Could you output the whole listing exactly as it stands, minus any images?

DATASET EXTRACT:
<<<<
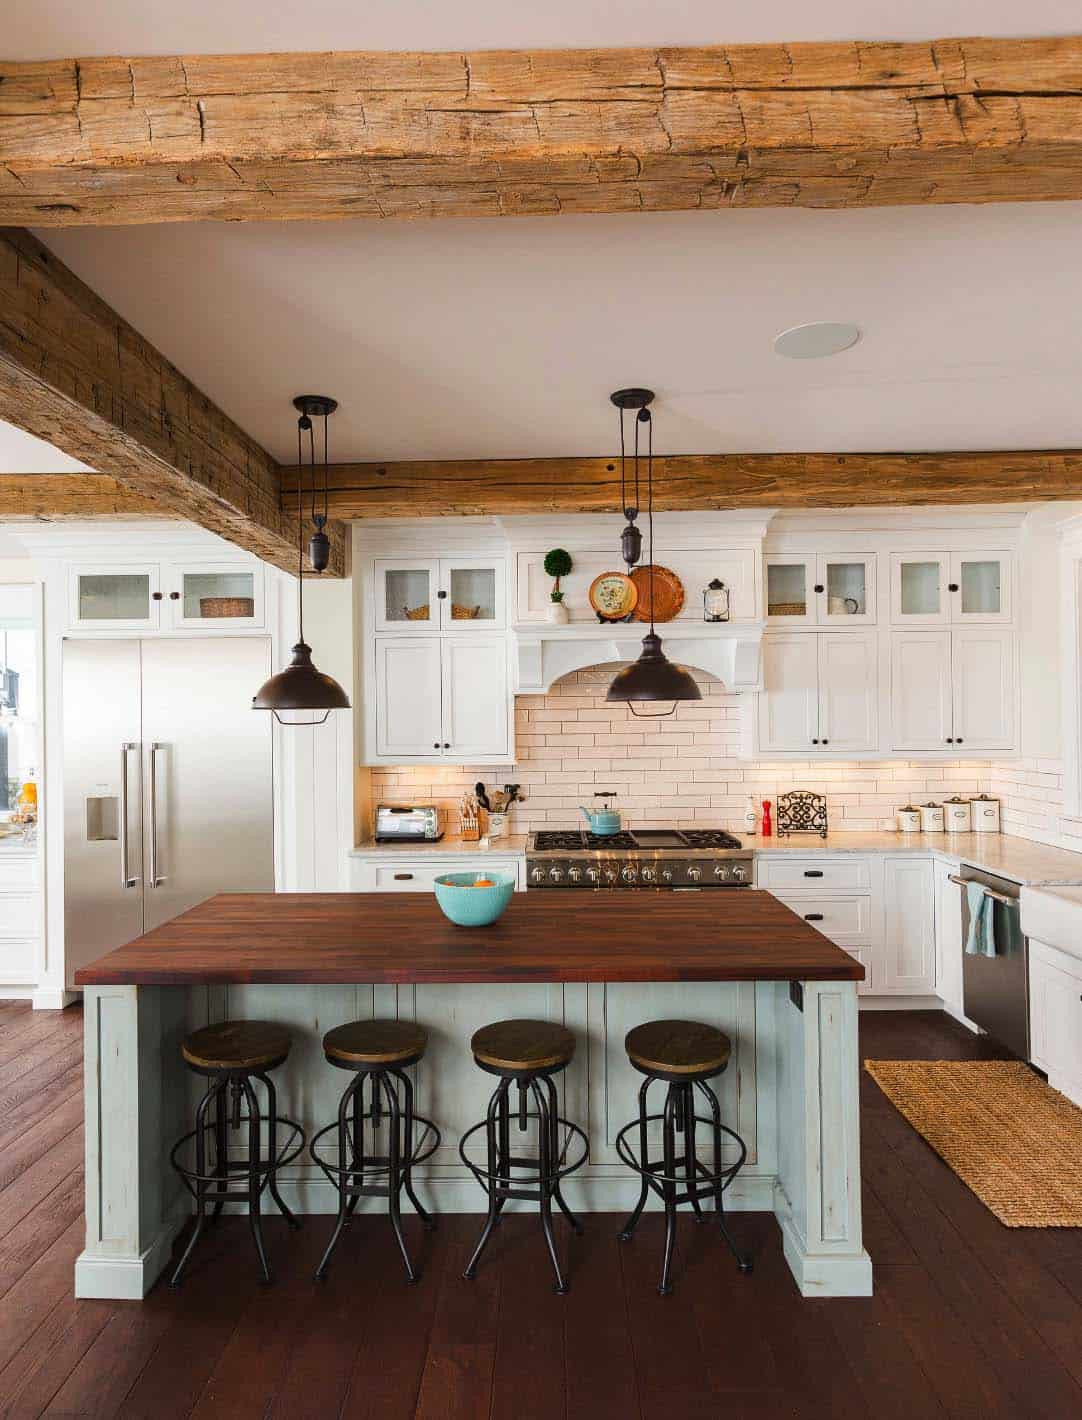 Farmhouse Kitchen Design Ideas
 35 Amazingly creative and stylish farmhouse kitchen ideas
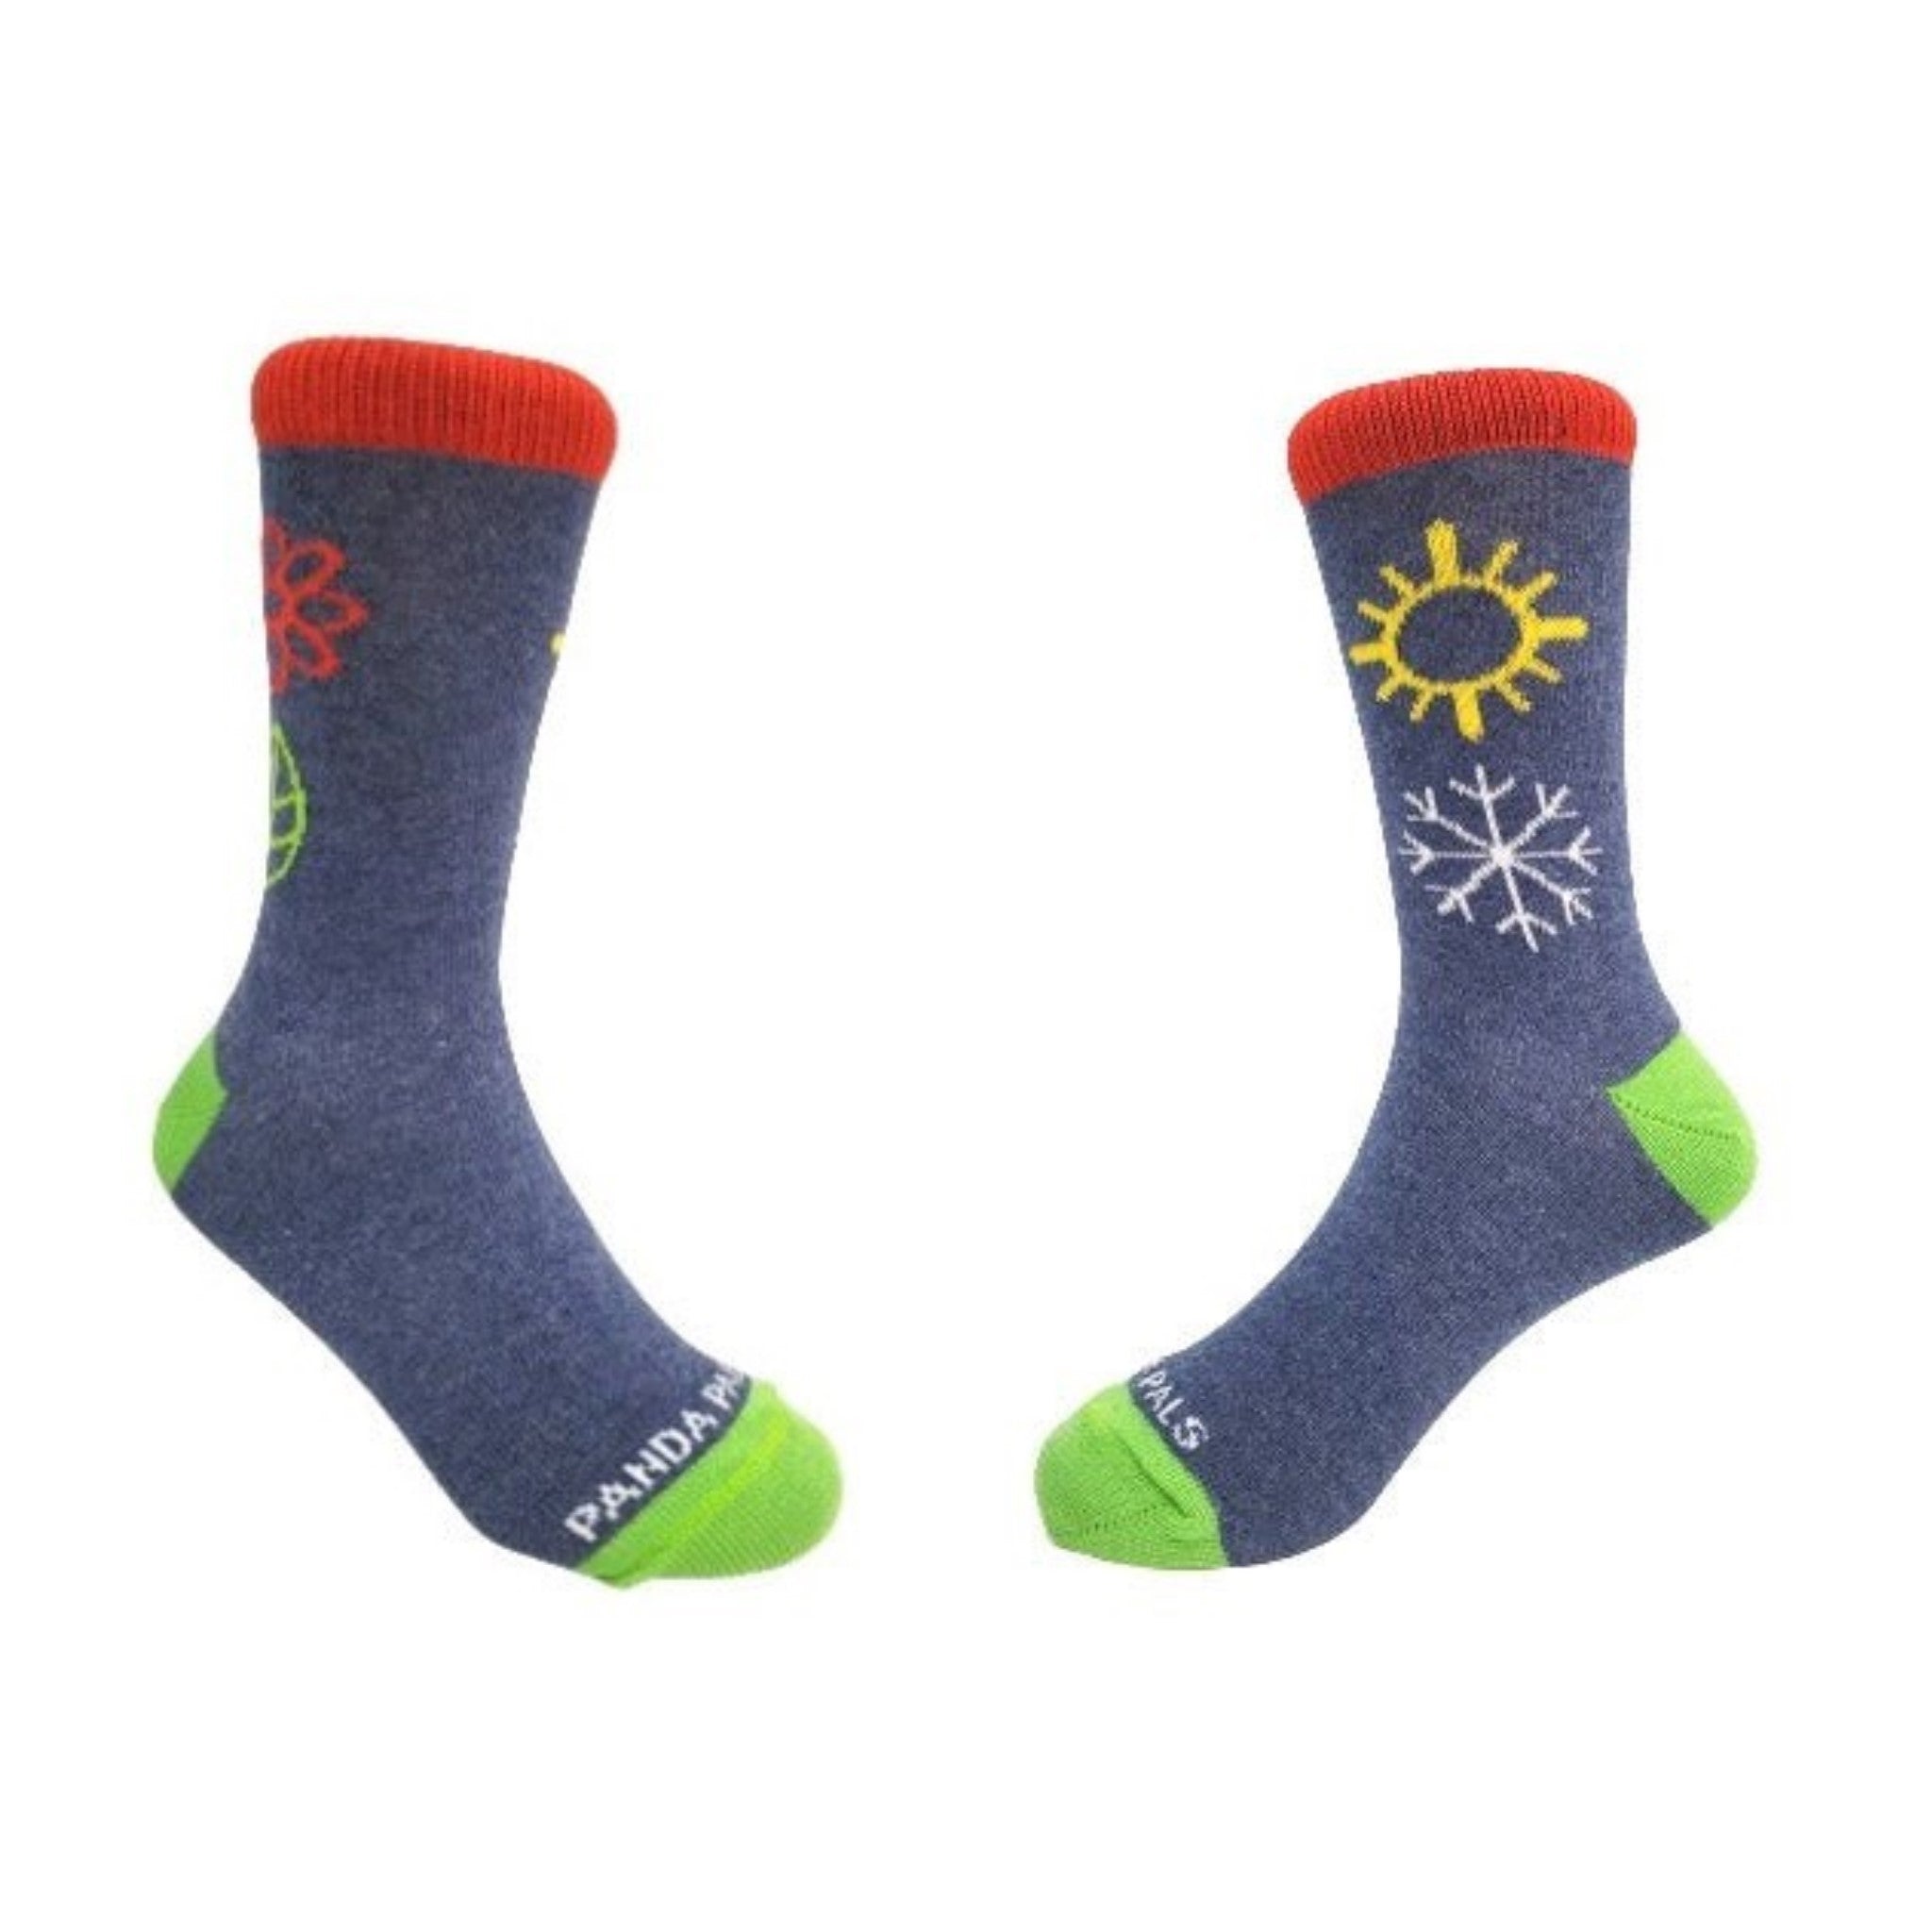 Winter Blossom Kids Socks (Ages 3-7) - Denim or Light Blue
>>>>
RESPONSE:
 Farmhouse Kitchen Design Ideas
 35 Amazingly creative and stylish farmhouse kitchen ideas
 Winter Blossom Kids Socks (Ages 3-7) - Denim or Light Blue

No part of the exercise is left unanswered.